Been lucky last two years.  You have a lot going on. I trained at 430 am worked a mentally and physically taxing job for 9-12 hrs then went back to the gym for 90 minutes -2 hrs in the evening. I was much younger then. 
Sounds very much like seasonal disorder. As AA stated try implementing his suggestions.10-15 minutes ina tanning bed weekly might help as well. Good luck, T..


----------



## Adam_david (Oct 9, 2013)

Thanks again bros. I was kinda thinking that with the weather change it just threw a wrench in my daily habits. And jim ur right about having a lot on my plate. I always feel like I'm in a freaking hurry


----------



## Magnus82 (Oct 10, 2013)

I know how you feel, except for me is the summer.   Hot and tired, it's hard to motivate yourself at times.  I always take great pride in thinking when everyone else is in their air conditioned homes drinking beer,  I am busting my ass in the gym getting closer to my goals.  This is why we stand out.  Always convince yourself to just do half a workout, I guarentee you'll finish it!


----------



## chicken_hawk (Oct 10, 2013)

jim230027 said:


> Nope it sounds like you just have a lot on your plate and getting run down. Summer time is actually harder cause I have more to do with the it being warm and sunny outside



Even though winter is depressing,  I like big jim am so busy in the summer and tired from the heat that time and energy are hard to come by.

Hawk


----------



## thebrick (Oct 10, 2013)

I hate dark winters but I try to train hard in then too... it helps my mood and energy level.  Are you training early before the day gets nuts with job and school? I used to do that and loved it. Great start to the day. 

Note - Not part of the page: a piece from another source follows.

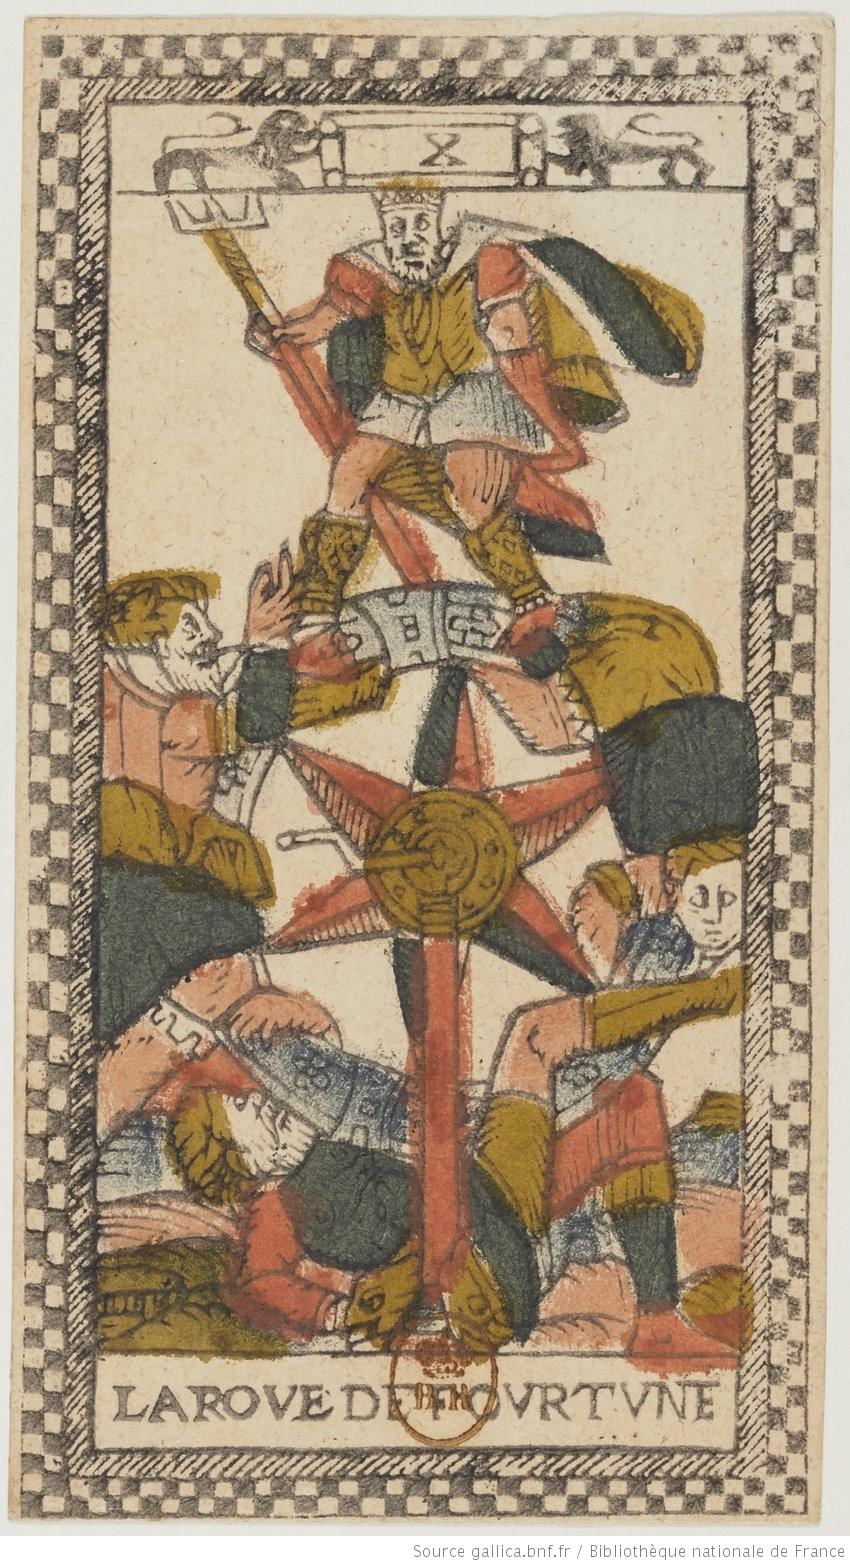 http://gallica.bnf.fr/ark:/12148/btv1b105109624/f19.highres

Don't worry if you don't feel like deadlifting 400 lbs first thing in the AM when you walk into the gym. Start the session slow and warm the body up, you'll find you get more motivated. If your schedule is tight, just train a few days a week or bust them up into short intense workouts. Great way to clear your mind and make for a more productive day.


----------



## Enigmatic707 (Oct 10, 2013)

I am usually bigger and more cut in the winter- I'm a mess in the summer months


----------



## jameshundson (Oct 17, 2013)

I never feel any issue in winter. Ya but in summer i get tired early , but i make more reps of my workout.


----------



## chrisr116 (Oct 17, 2013)

Winter is when I can pack on the weight and push the heavier weights.  Actually, I love winter time.  I can be 30lbs heavier and no one really notices.  But, as we all know, we are all different.


----------



## Alinshop (Nov 23, 2013)

jim230027 said:


> Nope it sounds like you just have a lot on your plate and getting run down. Summer time is actually harder cause I have more to do with the it being warm and sunny outside



Same here, summer kills my energy due to he heat. Cold weather  motivates me like crazy. Total opposite, i guess!


----------



## turbobusa (Nov 23, 2013)

Winter is a time for growing too. I don't give a F--k if I'm less pretty for the beach and such and get down to it. What we do now should give us more to work with later . No  I don't mean slam on the lard...... lol   T


----------